___ Data for the task
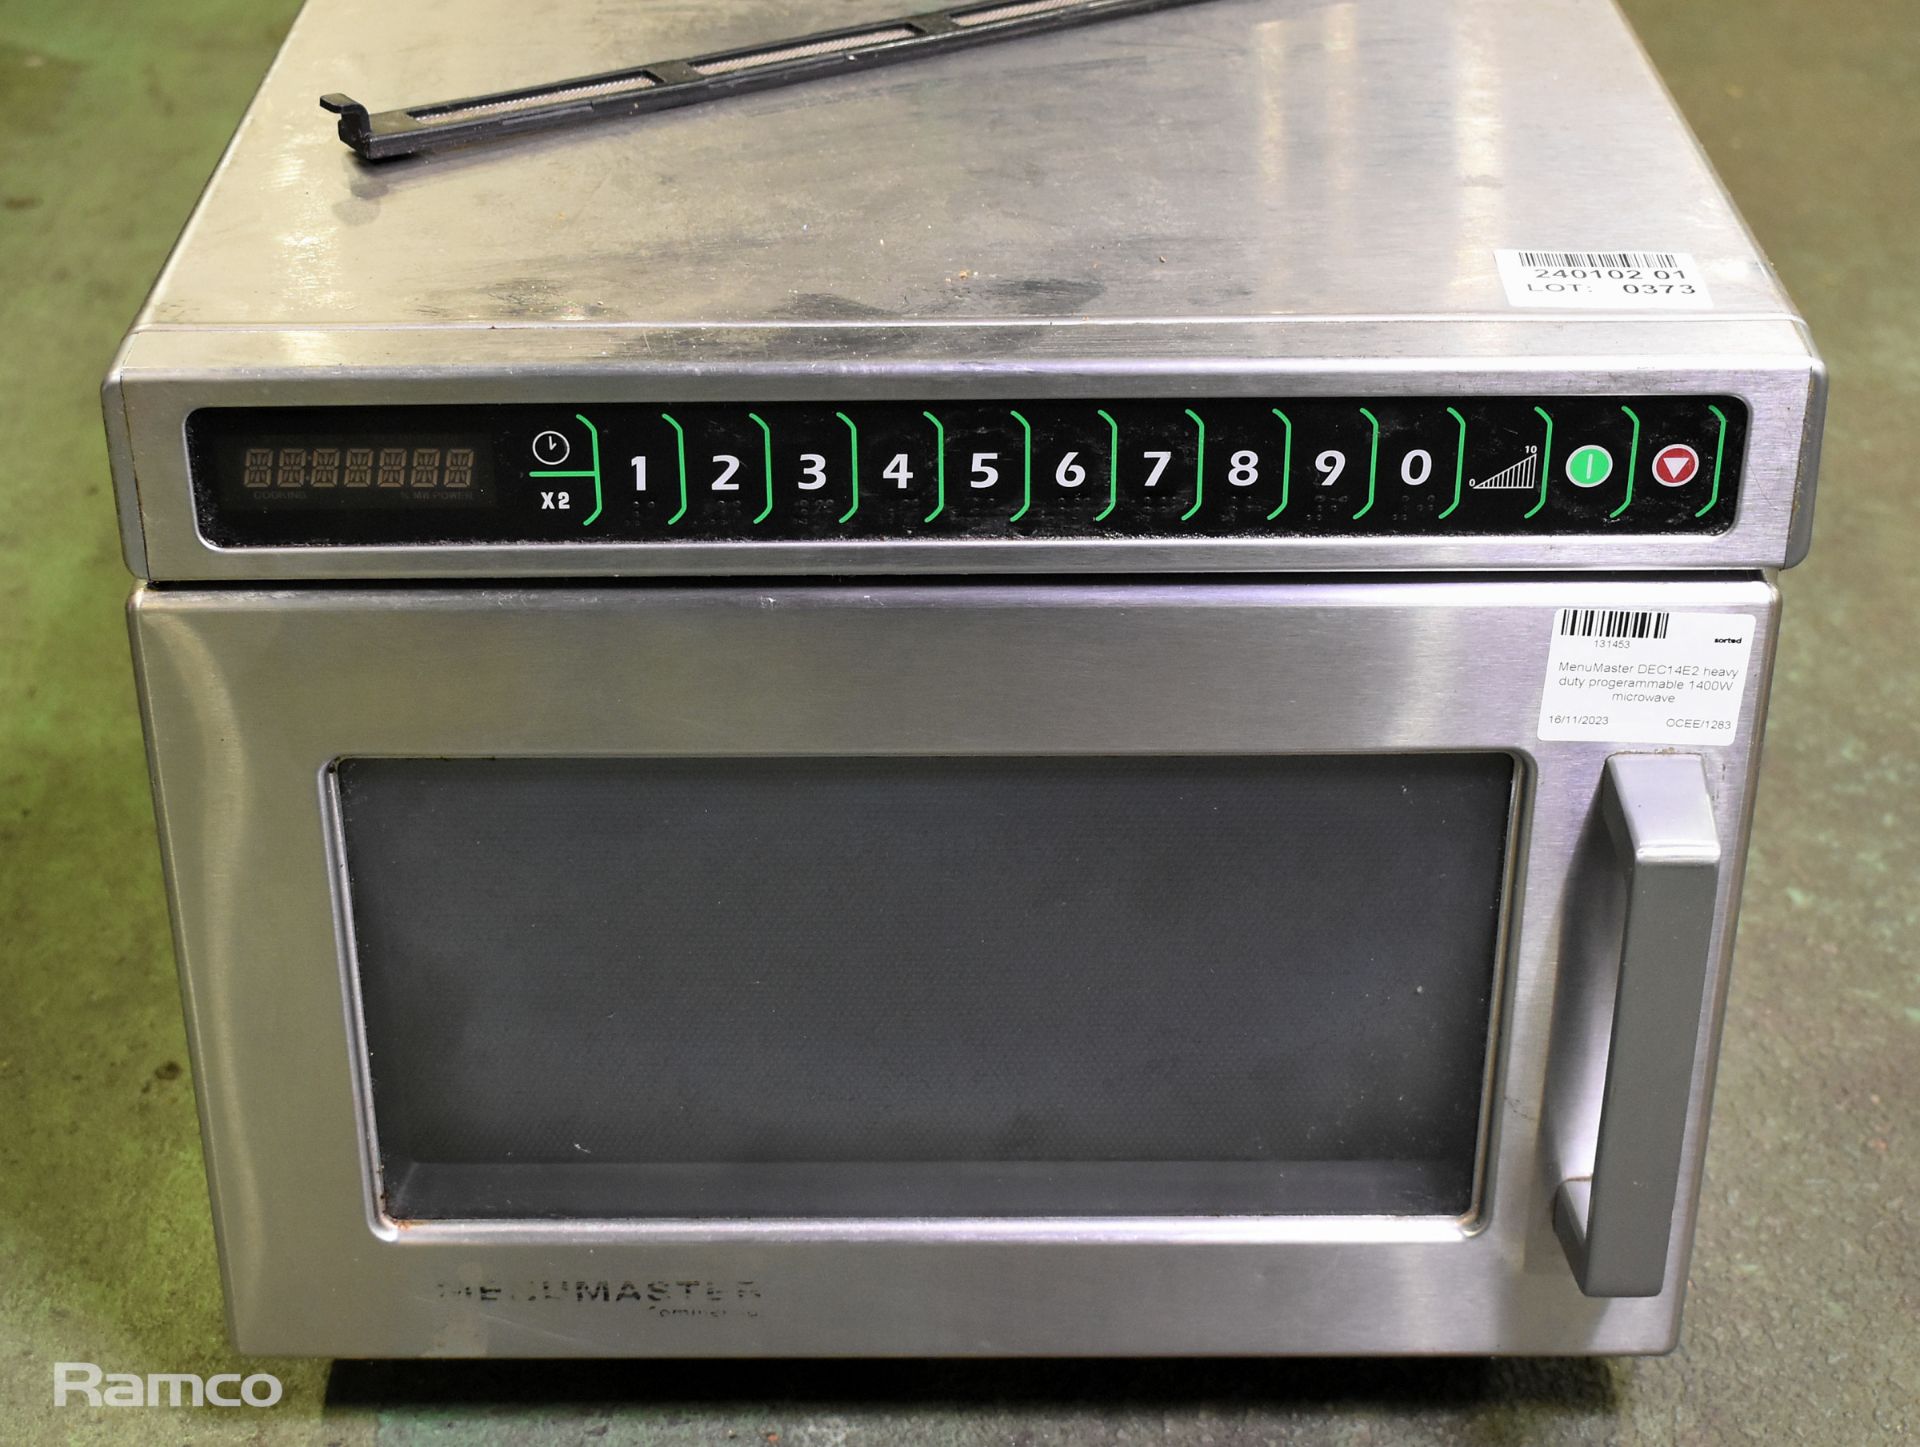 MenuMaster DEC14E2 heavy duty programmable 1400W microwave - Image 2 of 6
______
___ Data for the task
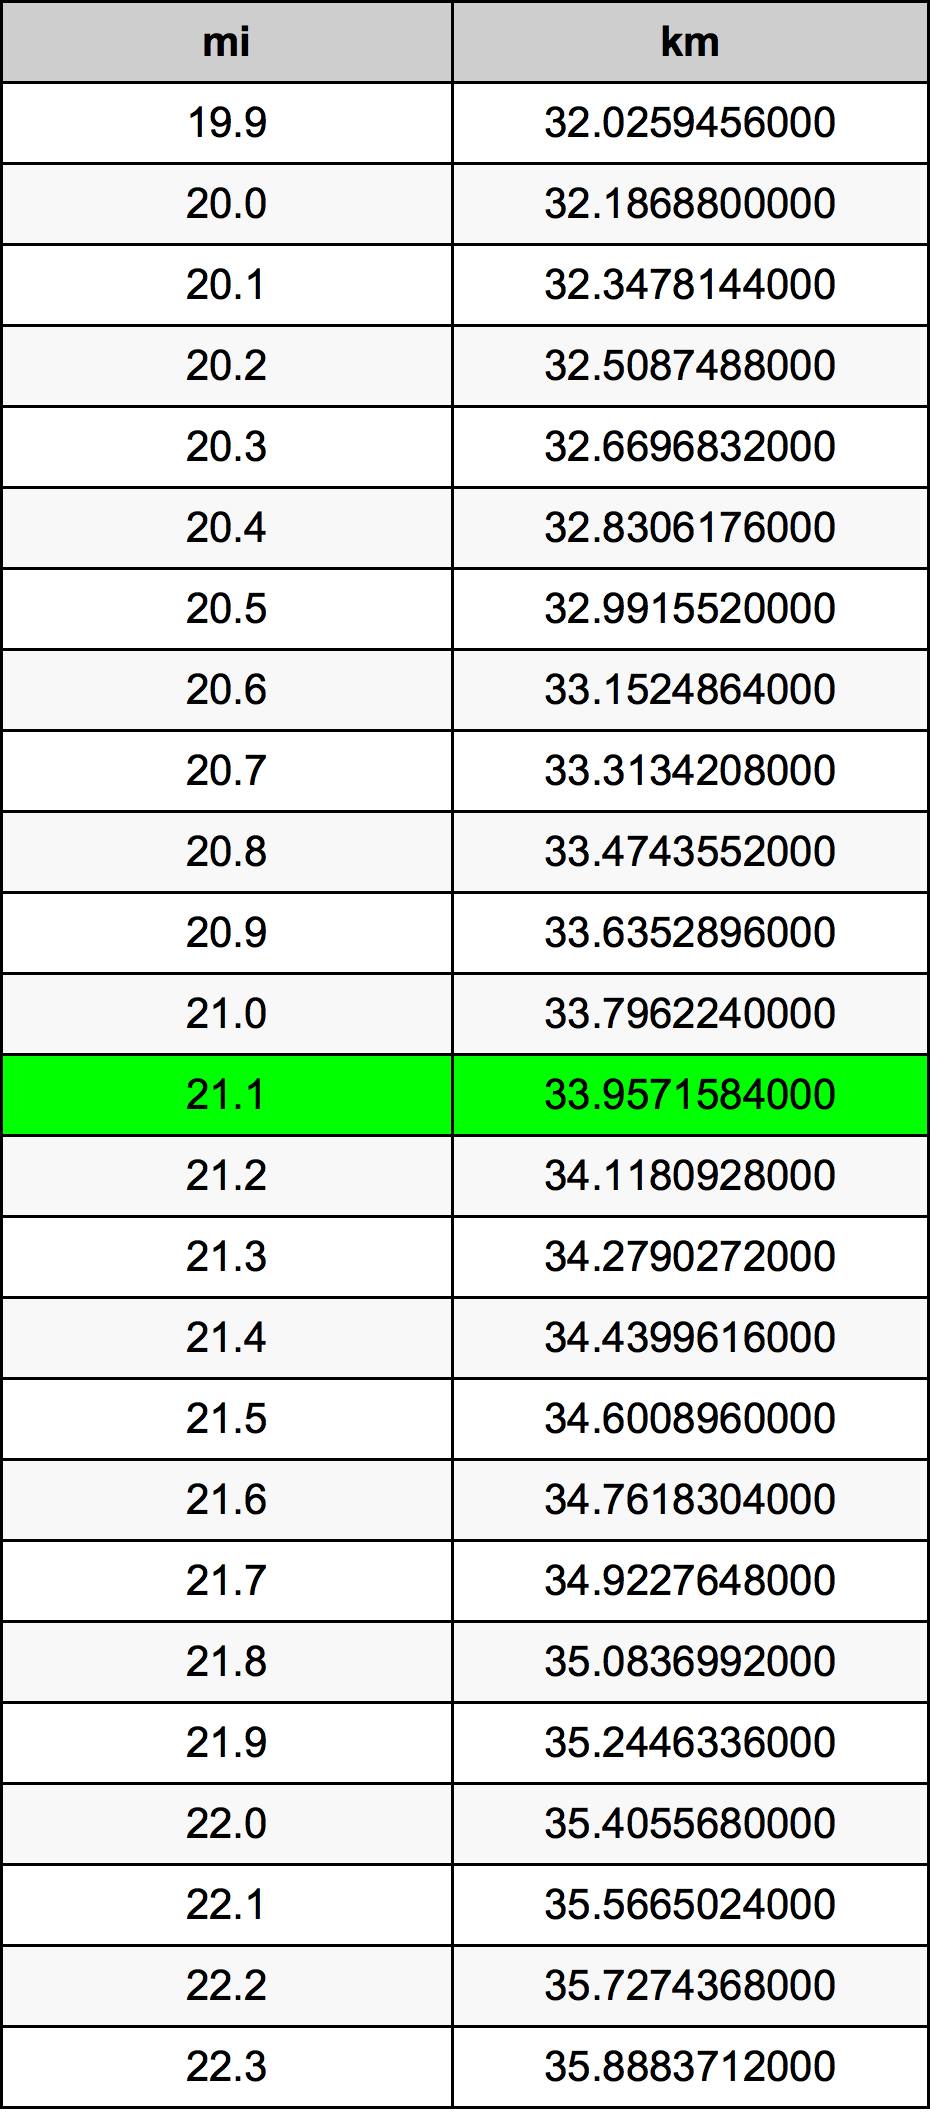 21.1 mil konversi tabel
______
___ Data for the task
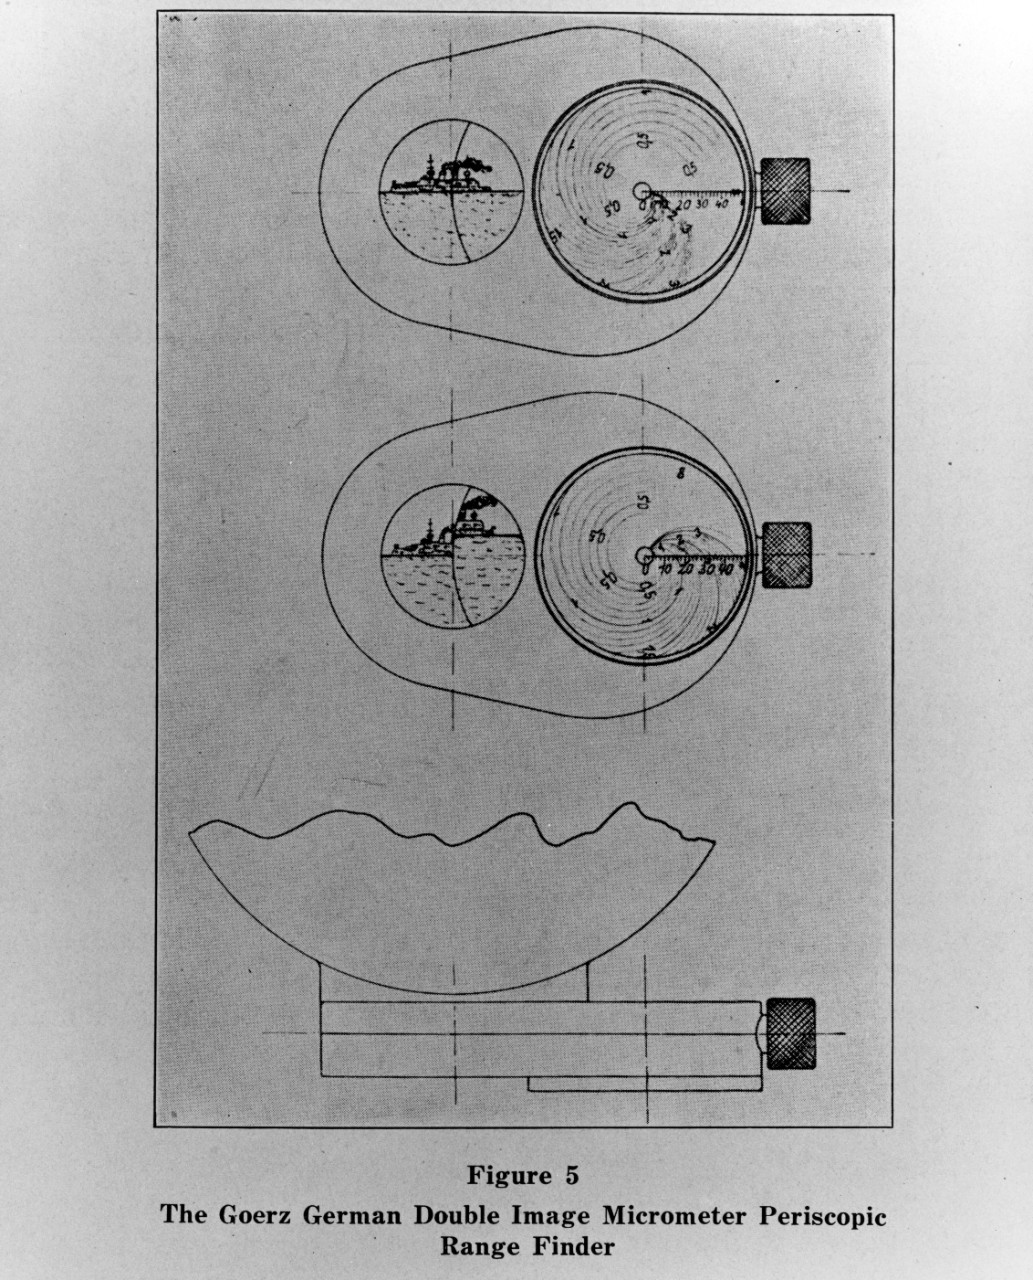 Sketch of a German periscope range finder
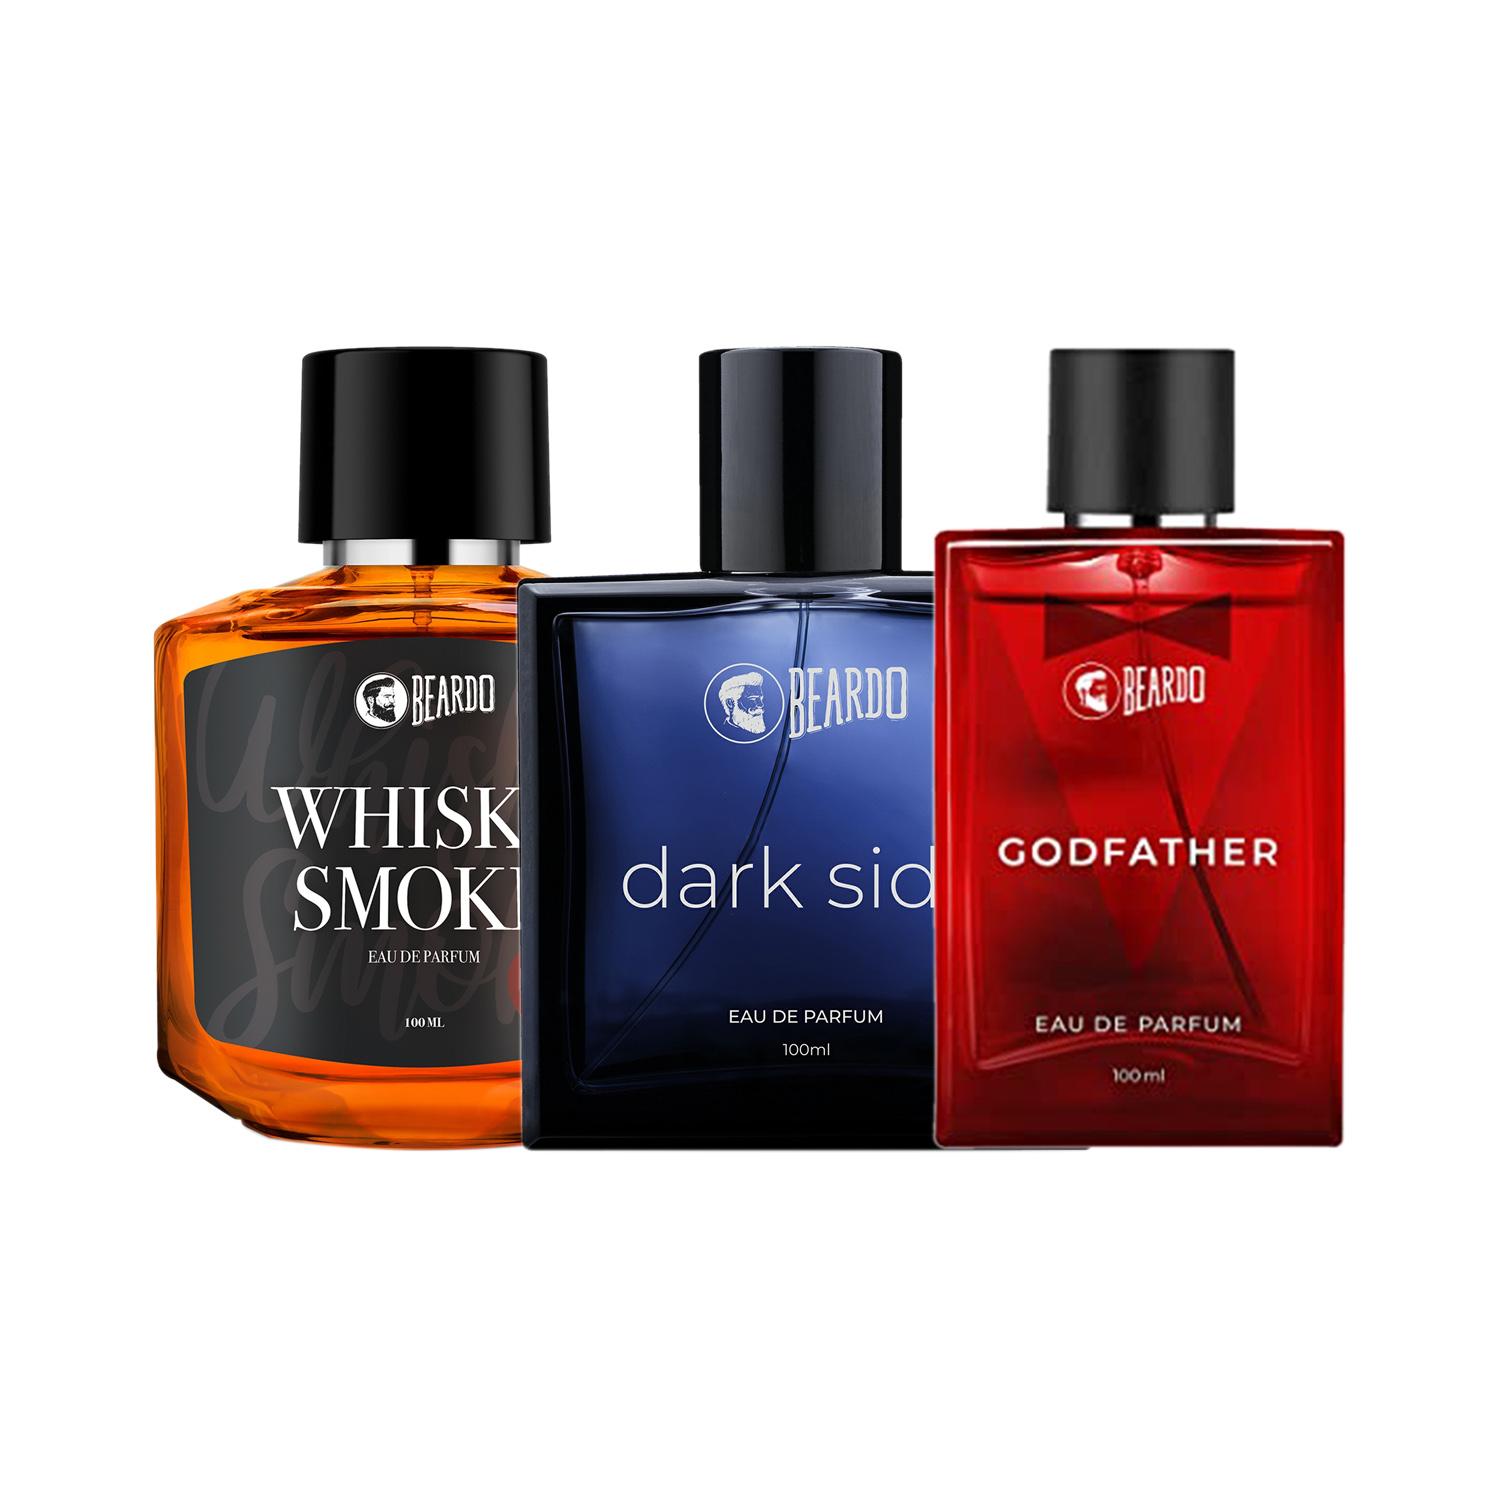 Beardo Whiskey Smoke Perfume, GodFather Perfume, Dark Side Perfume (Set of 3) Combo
______
*What you have to do:* In the records above, find the line with "Sketch of a German periscope range finder" and the line with "Beardo Whiskey Smoke". Write out exactly those lines and every one between, with no pictures and no other lines.

*Solution below:*
 Sketch of a German periscope range finder
 Beardo Whiskey Smoke Perfume, GodFather Perfume, Dark Side Perfume (Set of 3) Combo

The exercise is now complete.